Human activities are inherently complex, and even simple household tasks involve numerous object interactions. To better understand these activities and behaviors, it is crucial to model their dynamic interactions with the environment. The recent availability of affordable head-mounted cameras and egocentric data offers a more accessible and efficient means to understand dynamic human-object interactions in 3D environments. However, most existing methods for human activity modeling either focus on reconstructing 3D models of hand-object or human-scene interactions or on mapping 3D scenes, neglecting dynamic interactions with objects. The few existing solutions often require inputs from multiple sources, including multi-camera setups, depth-sensing cameras, or kinesthetic sensors. To this end, we introduce EgoGaussian, the first method capable of simultaneously reconstructing 3D scenes and dynamically tracking 3D object motion from RGB egocentric input alone. We leverage the uniquely discrete nature of Gaussian Splatting and segment dynamic interactions from the background.

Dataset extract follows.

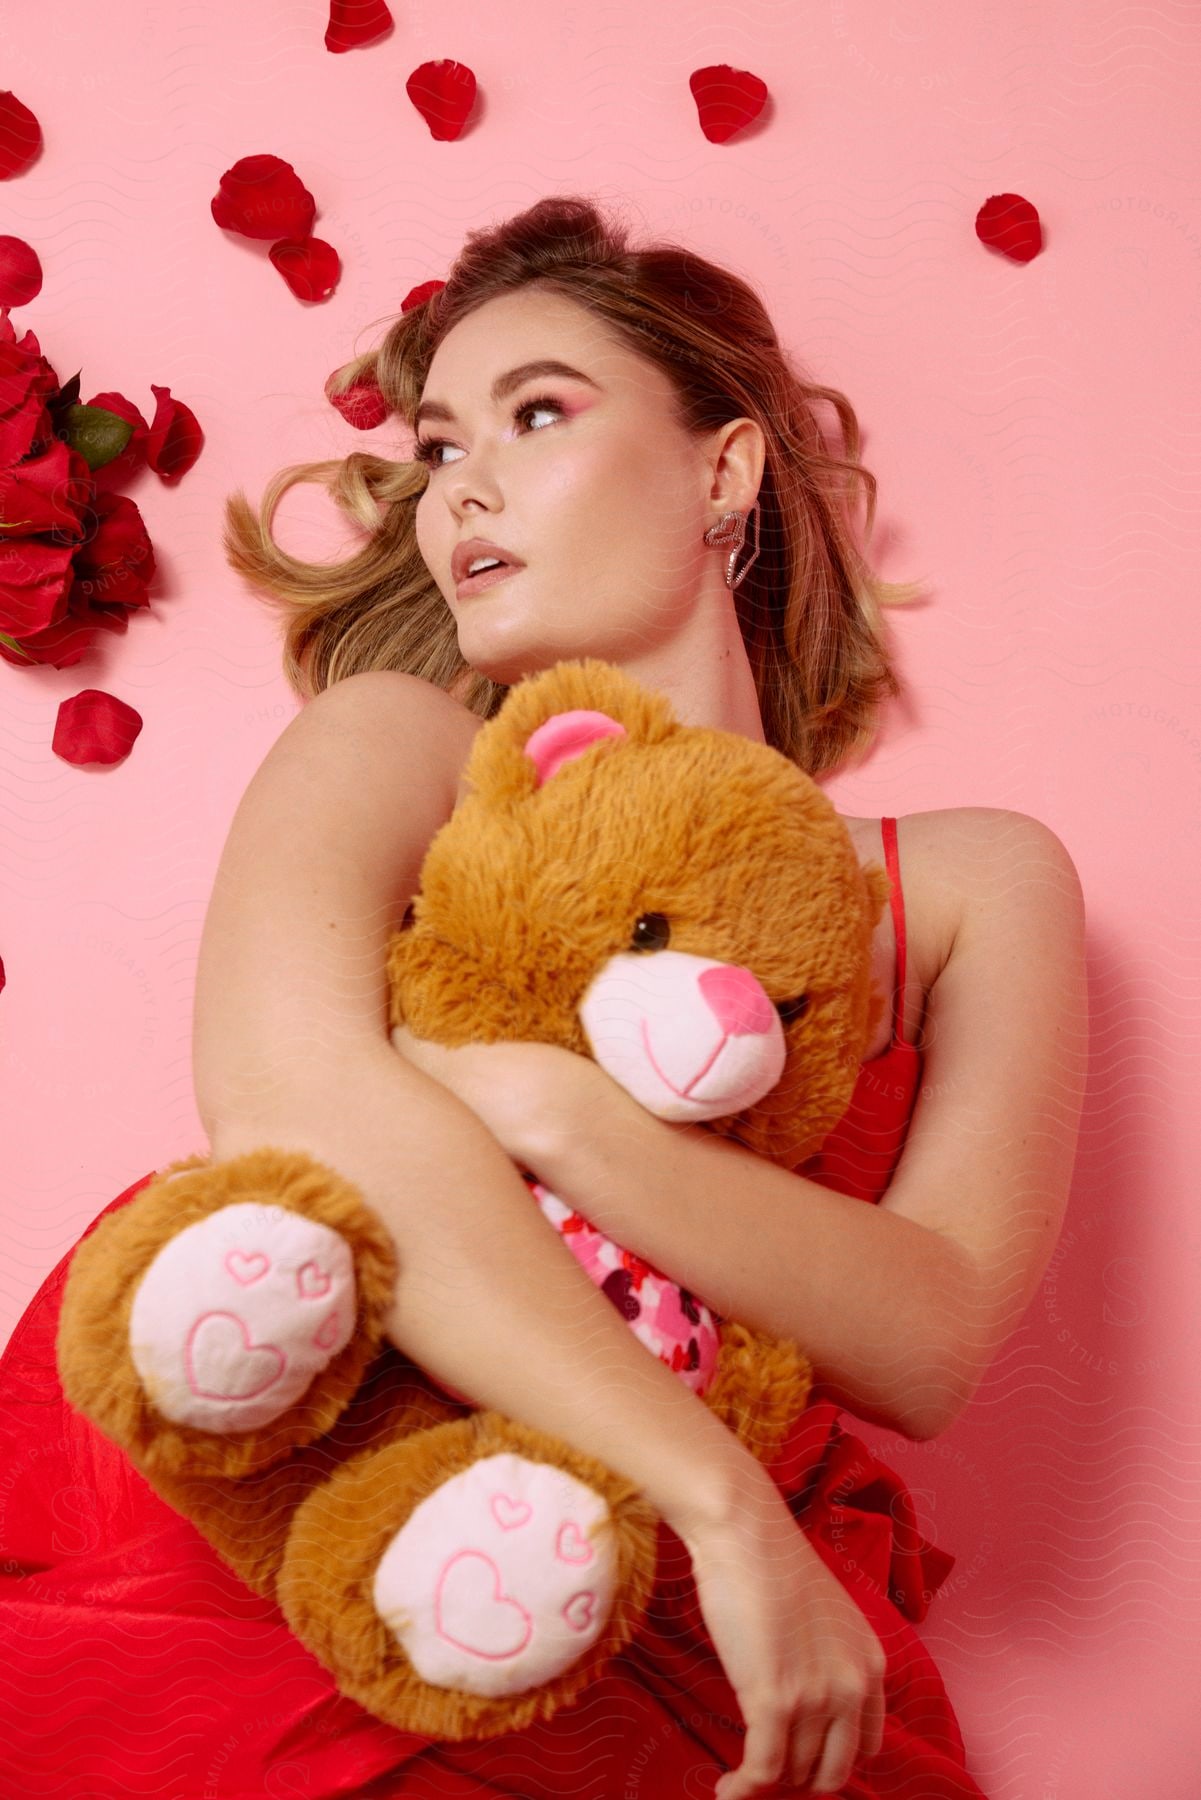 A beautiful woman hugging a teddy bear surrounded by rose petals

Our approach employs a clip-level online learning pipeline that leverages the dynamic nature of human activities, allowing us to reconstruct the temporal evolution of the scene in chronological order and track rigid object motion. Additionally, our method automatically segments object and background Gaussians, providing 3D representations for both static scenes and dynamic objects. EgoGaussian outperforms previous NeRF and Dynamic Gaussian methods in challenging in-the-wild videos and we also qualitatively demonstrate the high quality of the reconstructed models.

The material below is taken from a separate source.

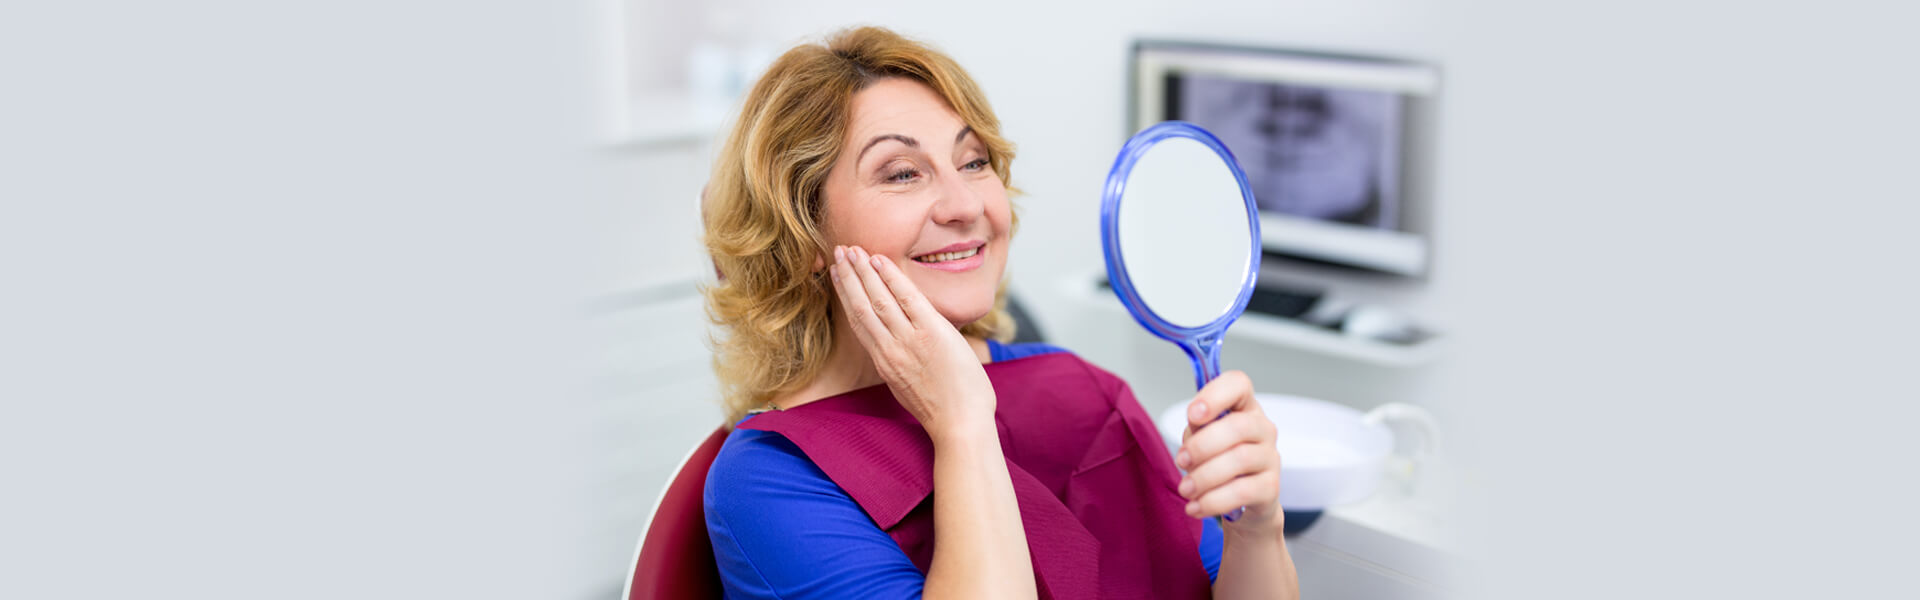 Think Your Smile Is a Detractor: Why Not Learn about the Benefits of a Smile Makeover?

人类活动本质上复杂,即使是简单的家庭任务也涉及大量的物体交互。为了更好地理解这些活动和行为,关键在于模拟它们与环境的动态交互。近年来,廉价的头戴摄像机和自我中心数据的可用性提供了在3D环境中理解动态人-物交互更为可靠和高效的手段。然而,大多数现有的人类活动建模方法要么专注于重建手-物体或人-场景交互的3D模型,要么专注于映射3D场景,忽视了对物体的动态交互。现有的解决方案通常需要来自多个来源的输入,包括多摄像头设置、深度感知摄像头或动态传感器。 为此,我们介绍了EgoGaussian,这是第一种能够仅通过RGB自我中心输入同时重建3D场景和动态跟踪3D物体运动的方法。我们利用了高斯斑点的独特离散特性,并从背景中分割动态交互。我们的方法采用了一个剪辑级在线学习管道,利用人类活动的动态特性,允许我们按时间顺序重建场景的时间演变并跟踪刚性物体运动。此外,我们的方法自动分割物体和背景高斯函数,为静态场景和动态物体提供3D表示。 EgoGaussian在野外视频中的表现优于先前的NeRF和动态高斯方法,我们还在质量上展示了重建模型的高质量特性。